▶ _Supplied data_:
⟨
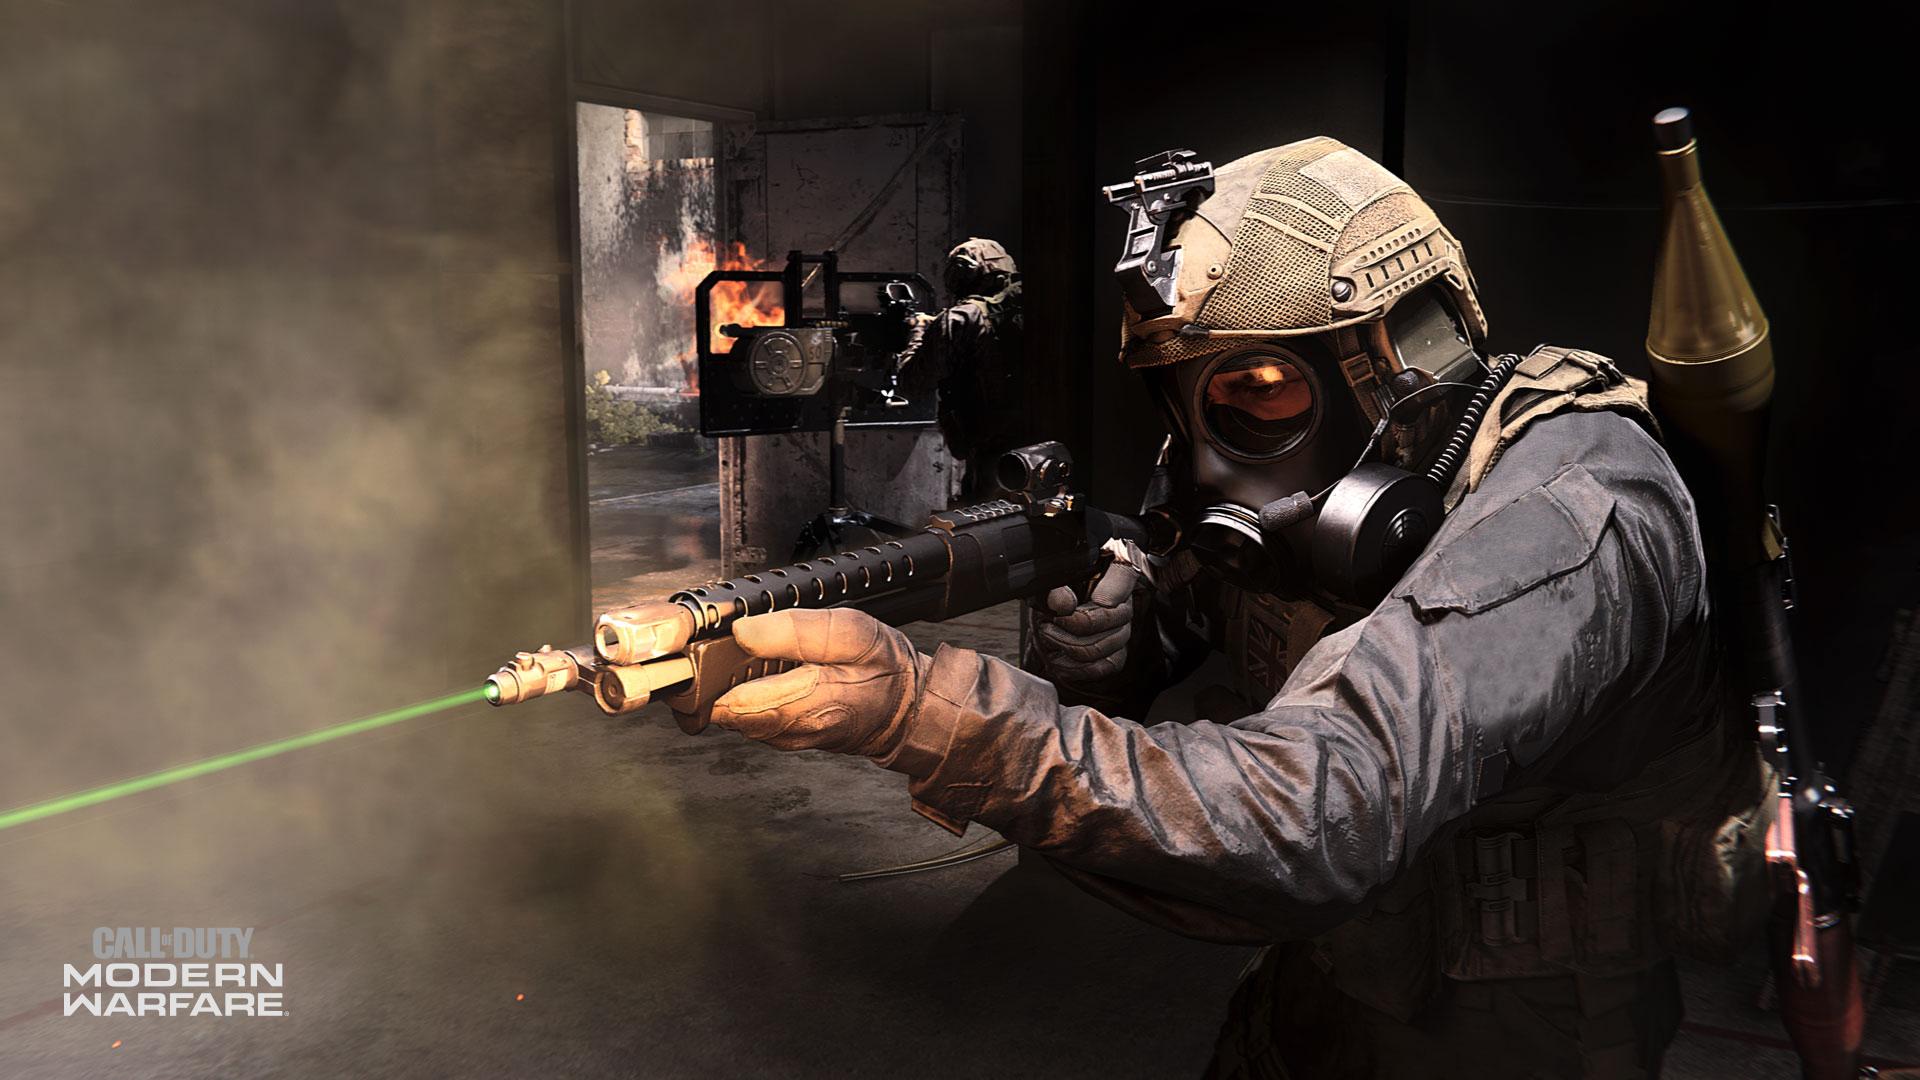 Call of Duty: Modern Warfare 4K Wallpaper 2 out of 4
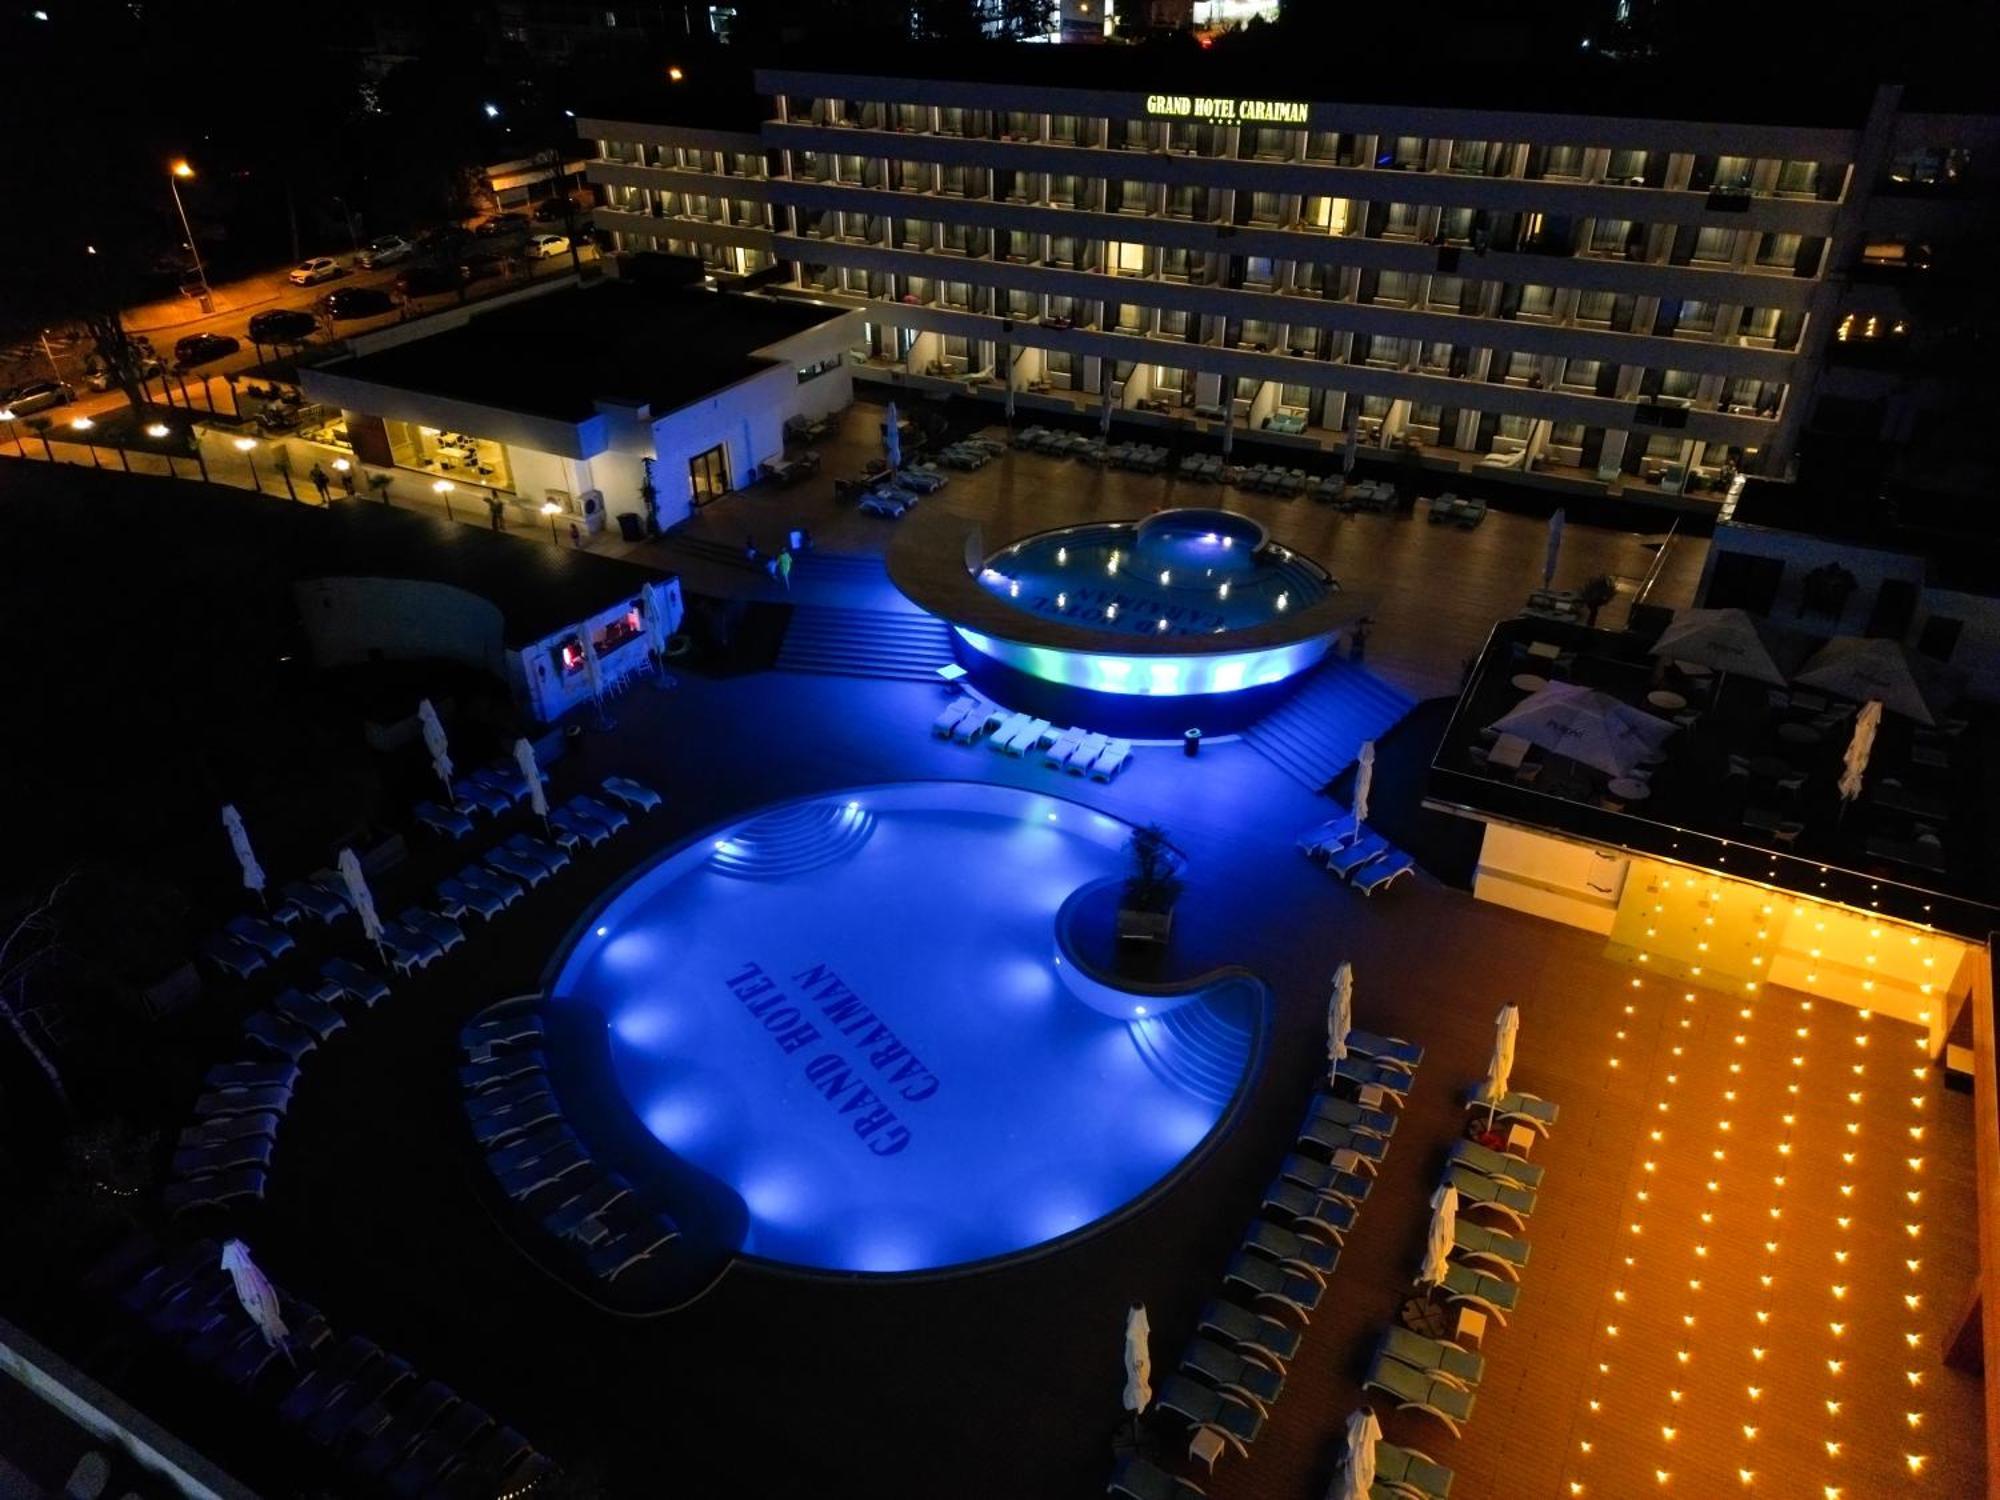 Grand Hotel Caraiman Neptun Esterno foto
⟩
⟨
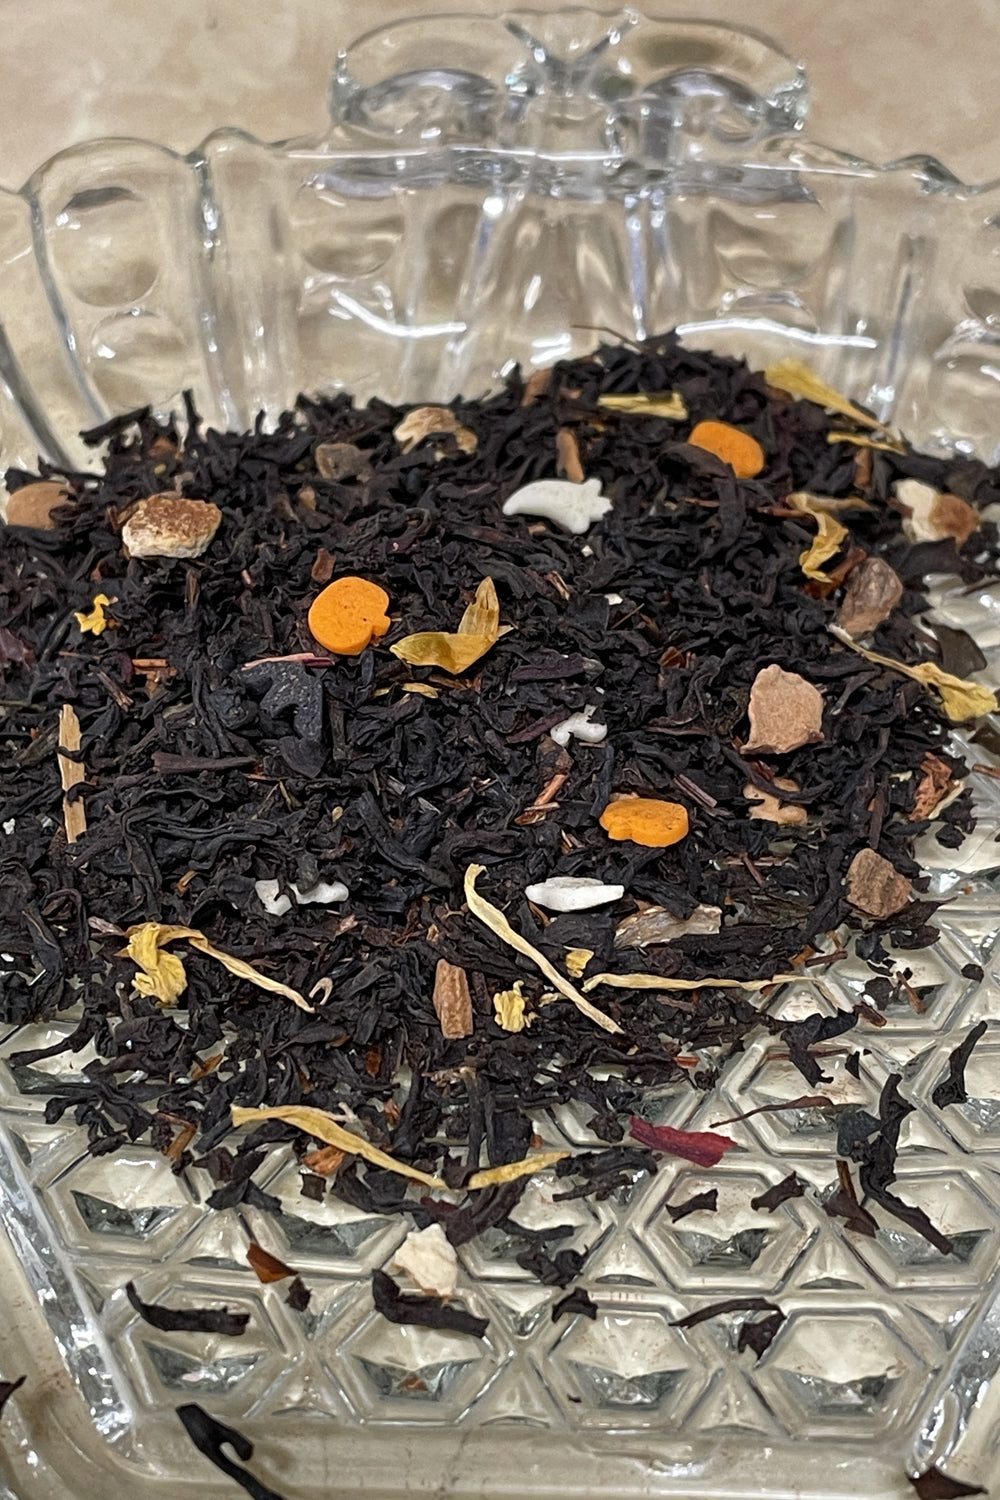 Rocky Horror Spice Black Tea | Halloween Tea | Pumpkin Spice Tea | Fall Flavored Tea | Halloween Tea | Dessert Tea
⟩
▶ _Exercise objective_: Without the pictures, give again exactly the lines above starting at the line containing "Call of Duty: Modern" and ending at the line containing "Grand Hotel Caraiman Neptun Esterno foto".

▶ _Final answer_:
 Call of Duty: Modern Warfare 4K Wallpaper 2 out of 4
 Grand Hotel Caraiman Neptun Esterno foto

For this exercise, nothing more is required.